I turn now to Senator Leyonhjelm's amendment relating to online poker—a further matter which has been raised in the context of this bill. The government is aware that a number of Australians currently access online poker sites. Online poker is and always has been a prohibited service under the IGA. It has always been the intent of the IGA to prohibit this service being offered to Australians. That is why there are no Australian licensed operators of online poker, but because the law has been ambiguous overseas operators have been freely offering these services to Australians. With the law being clarified, it is evident that a number of these operators have begun withdrawing their services from Australians. Whilst I appreciate that this is not welcomed by those individuals who have been using these services, it is a fact that online poker has always been a prohibited service under the act. It is not something that this bill is enacting. Whether online poker should be legal in Australia or not is a separate debate. I indicate that the government has no plans to liberalise online poker, and in terms of this bill the government has merely sought to ensure that the original intent of the legislation is upheld.

I should also acknowledge that One Nation have flagged an intention to move an amendment in relation to Lottoland. I thank One Nation for making contact during the second reading debate to indicate that they would be doing this. Let me just say at this point that, in relation to that foreshadowed amendment, the bill before us is intended to tackle illegal offshore wagering. Lottoland is, at present, neither illegal nor offshore. It is a licensed service in the Northern Territory. So it would be fair to say that that foreshadowed amendment is beyond the intended scope of this bill, but, as always, when colleagues put a proposition before us, we will always take on board what is put before us. But I think on this occasion, in the time available to us and given the scope of this bill, it is not possible for us to examine it and to support it in the context of this legislation.

In conclusion, since the introduction of the bill in November last year, a number of major offshore gambling operators have ceased providing or indicated that they will withdraw their prohibited services as Australia will no longer be a grey market when it comes to gambling laws.

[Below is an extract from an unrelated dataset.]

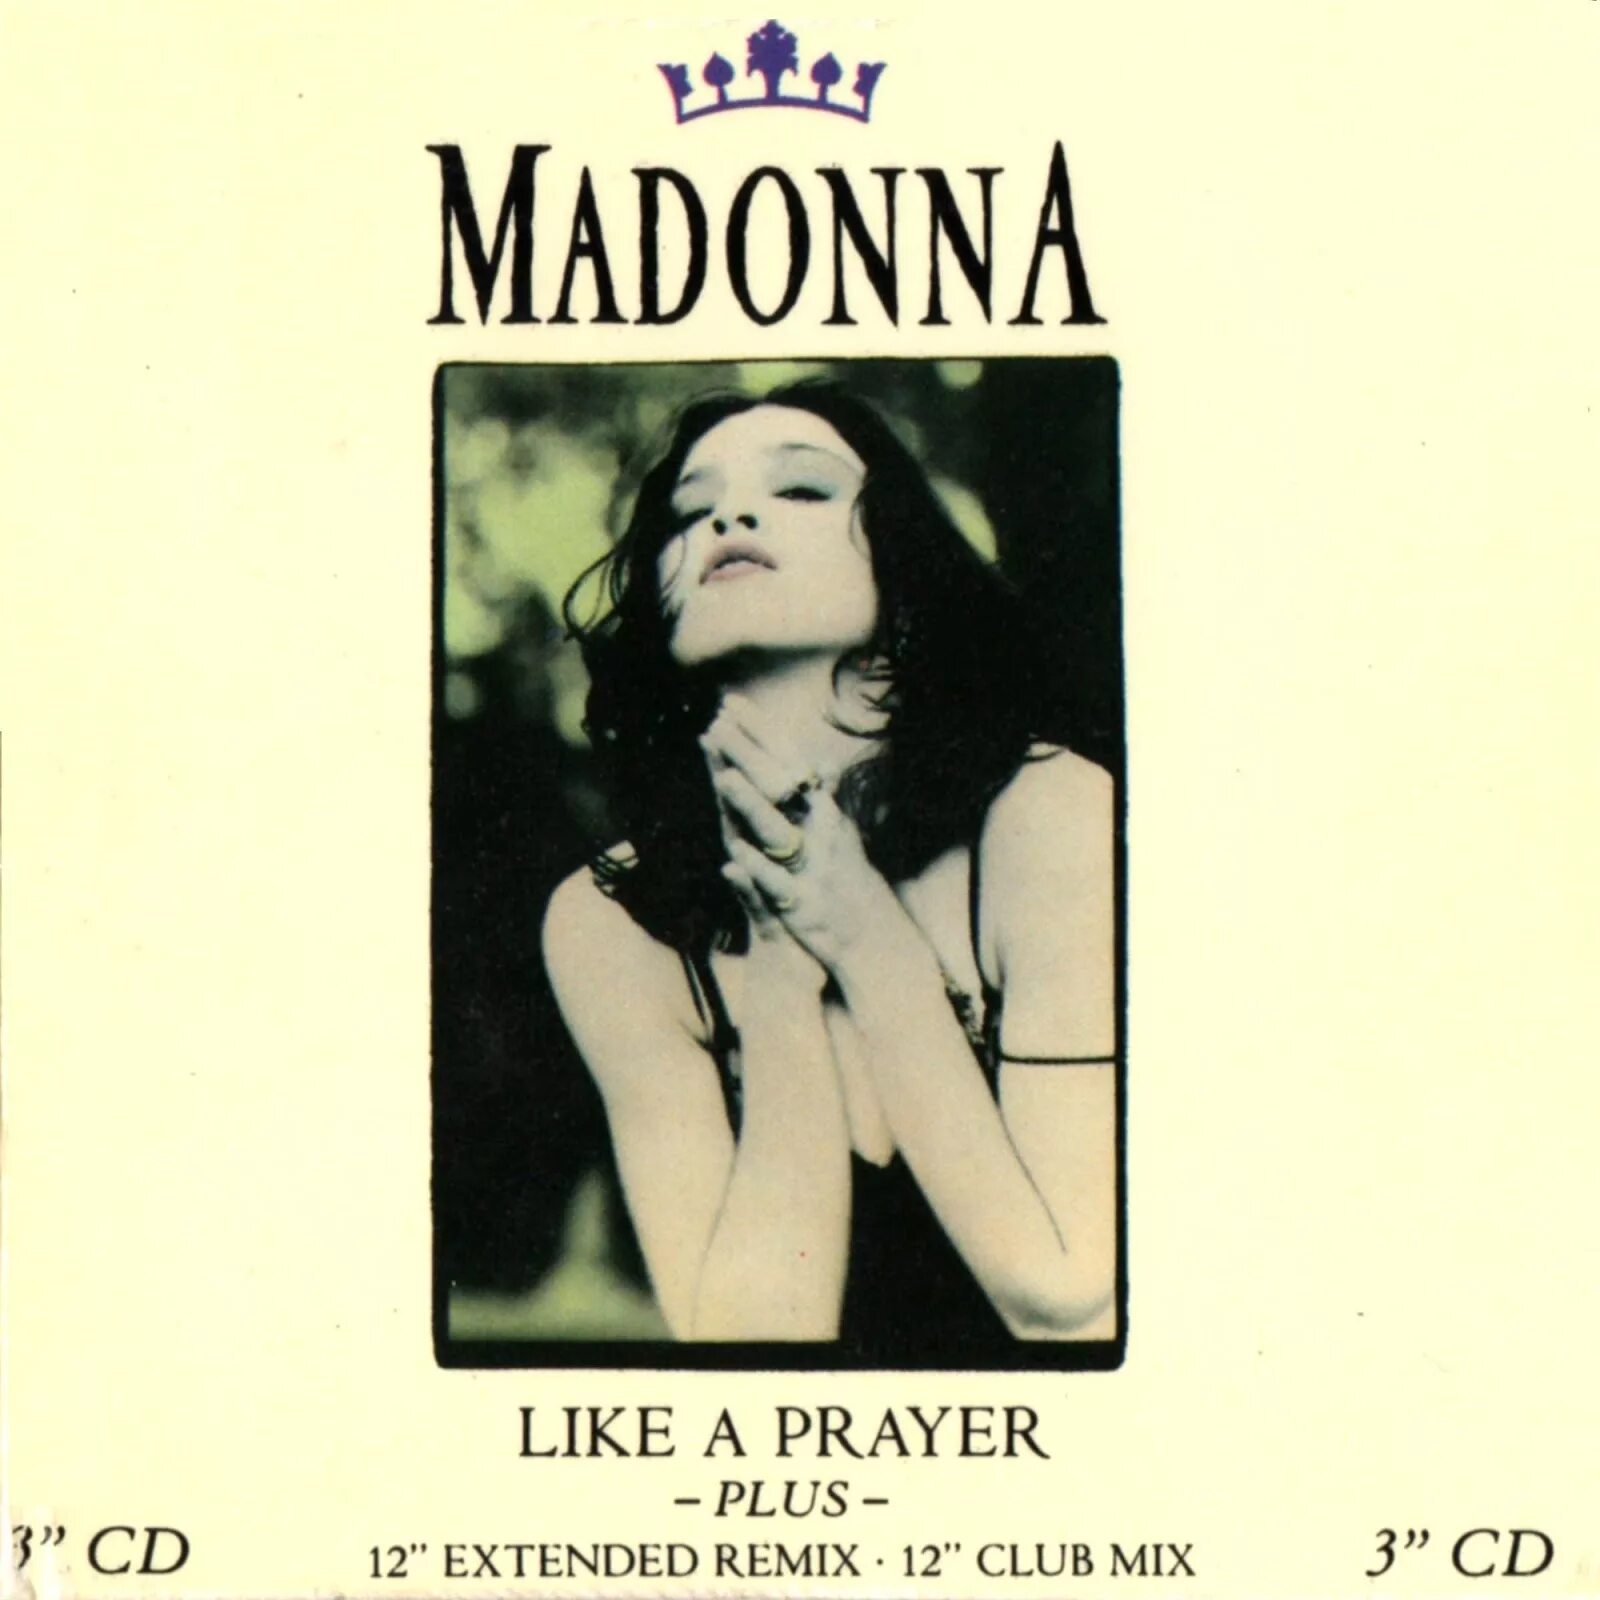 Like madonna песня. Madonna 1989 like a Prayer. CD Madonna: like a Prayer. Madonna like a Prayer album. Madonna like a Prayer винил.

This bill does send a clear message to overseas operators and regulators that Australia is serious about compliance with its online gambling laws. International experience has shown that illegal offshore betting cannot be eradicated in its entirety. However, a combination of clearer laws, an active regulator, stronger enforcement measures and awareness activities can significantly reduce illegal gambling activity.

The bill has been developed in consultation with many stakeholders across the wagering, racing and sporting industries, academia, responsible gambling organisations, consumers and governments. I look forward to continuing to work with stakeholders to progress the National Consumer Protection Framework.

I should indicate that I will be working closely with my ministerial colleague Mr Tudge, who has put a tremendous effort into this area, and it is appropriate that I acknowledge that. There is more work to be done. As indicated, it is a three-stage process. I commend the bill to my colleagues.